FIG. 2 is a block diagram of a speech control apparatus based on visual recognition according to an embodiment of the present application;

fig. 3 is a schematic structural diagram of an electronic device according to an embodiment of the present application.

Detailed Description

Reference will now be made in detail to the embodiments of the present application, examples of which are illustrated in the accompanying drawings, wherein like or similar reference numerals refer to the same or similar elements or elements having the same or similar function throughout. The embodiments described below with reference to the drawings are exemplary and intended to be used for explaining the present application and should not be construed as limiting the present application.

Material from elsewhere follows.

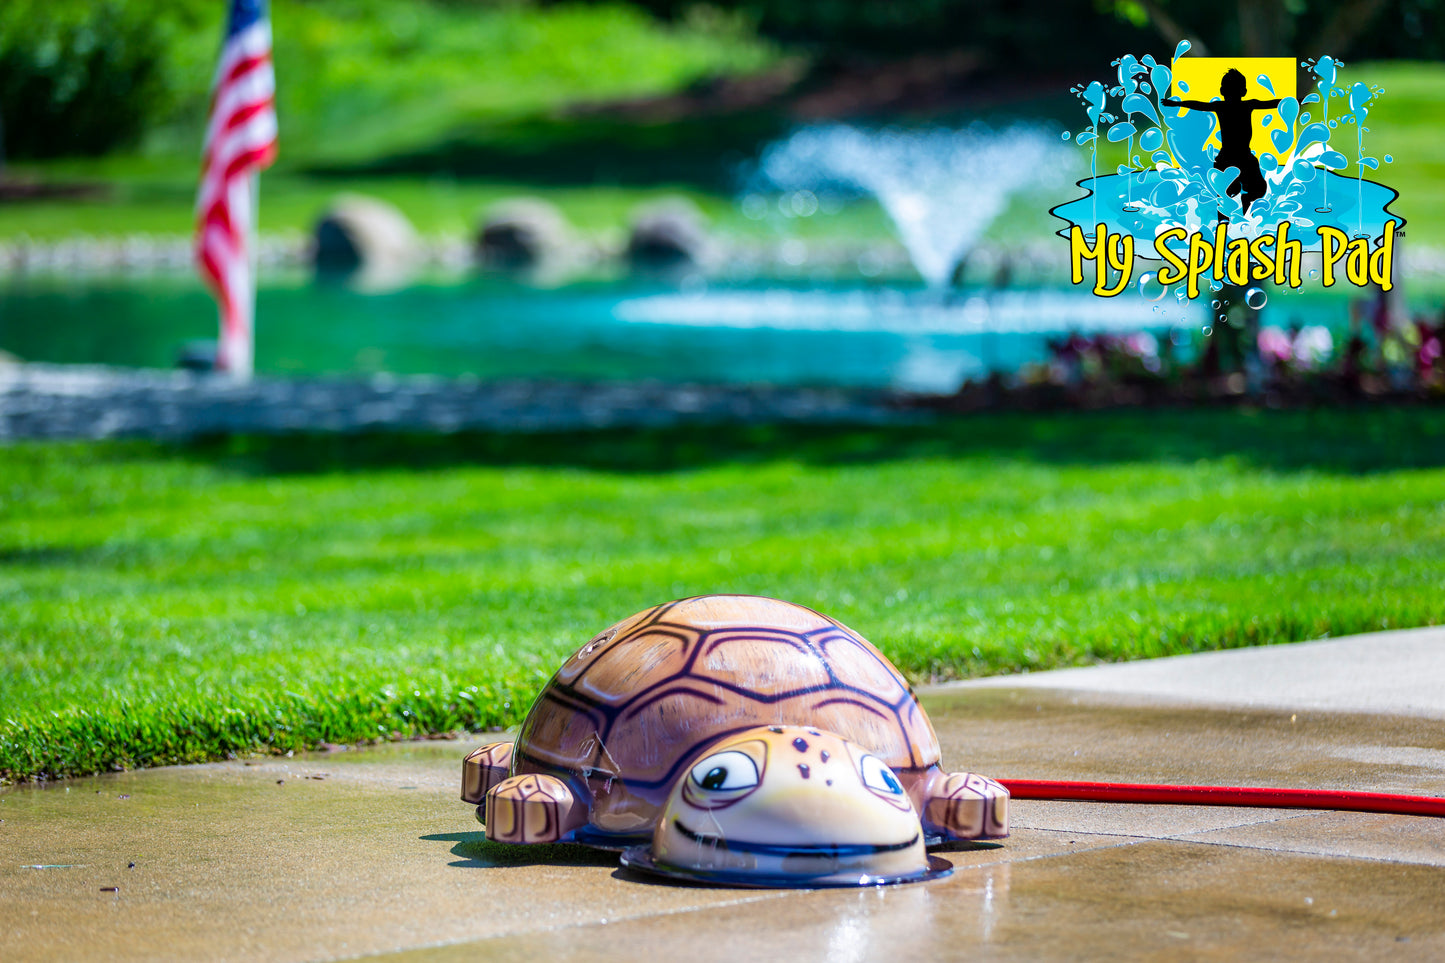 Small Turtle Mobile Water Play Features

A method, an apparatus, an electronic device, and a medium for voice control based on visual recognition according to embodiments of the present application are described below with reference to the accompanying drawings. In the method, whether the application to be controlled is interface control based on a received user voice control instruction is judged, visual recognition reminding is sent out when the application to be controlled is not interface control based on the voice control instruction, visual recognition auxiliary action of the user on the interface to be controlled of the application to be controlled based on the visual recognition reminding is received, and interface control is carried out on the application to be controlled by combining the voice control instruction. Therefore, the problem that related functions of the intelligent cabin cannot be controlled through voice in the intelligent cabin interface which does not support voice is solved, and various information in the intelligent cabin interface is identified by using a visual identification technology, so that a voice system obtains functional properties and specific text contents, and further the voice control function is realized.

Specifically, fig. 1 is a schematic flowchart of a voice control method based on visual recognition according to an embodiment of the present application.

As shown in fig. 1, the voice control method based on visual recognition includes the following steps:

in step S101, a voice control instruction of a user is received.

Specifically, in this embodiment of the application, if a user needs to open a certain function in a vehicle, the user may control a relevant application to perform a corresponding action by sending a voice message, for example, the user wants to open an air conditioner, and then the following actions may be sent to the vehicle: the command of 'please open the air conditioner to 25 degrees' is used for controlling the vehicle to execute the function of opening and closing the air conditioner, and after the vehicle receives the voice control command sent by the user, the subsequent control operation is executed according to the command.

In step S102, it is determined whether the to-be-controlled application completes interface control based on the voice control instruction, and when the to-be-controlled application does not complete interface control based on the voice control instruction, a visual recognition prompt is issued.

Specifically, after receiving the voice control instruction of the user, the embodiment of the application further needs to judge whether the application to be controlled can complete corresponding interface control based on the voice control instruction of the user, so as to control the application to be controlled to execute the related function according to the judgment result.

Specifically, if the application to be controlled completes interface control based on the voice control instruction, the application to be controlled is directly controlled to execute the related function; if the application to be controlled does not complete interface control based on the voice control instruction, that is, the application to be controlled cannot directly recognize the voice control instruction sent by the user, at this time, visual recognition reminding needs to be performed on the voice control instruction sent by the user, so that the application to be controlled is subjected to voice control through visual recognition.

In step S103, a visual recognition auxiliary action of the user based on the visual recognition prompt on the interface to be controlled of the application to be controlled is received, and interface control is performed on the application to be controlled according to the visual recognition auxiliary action and the voice control instruction.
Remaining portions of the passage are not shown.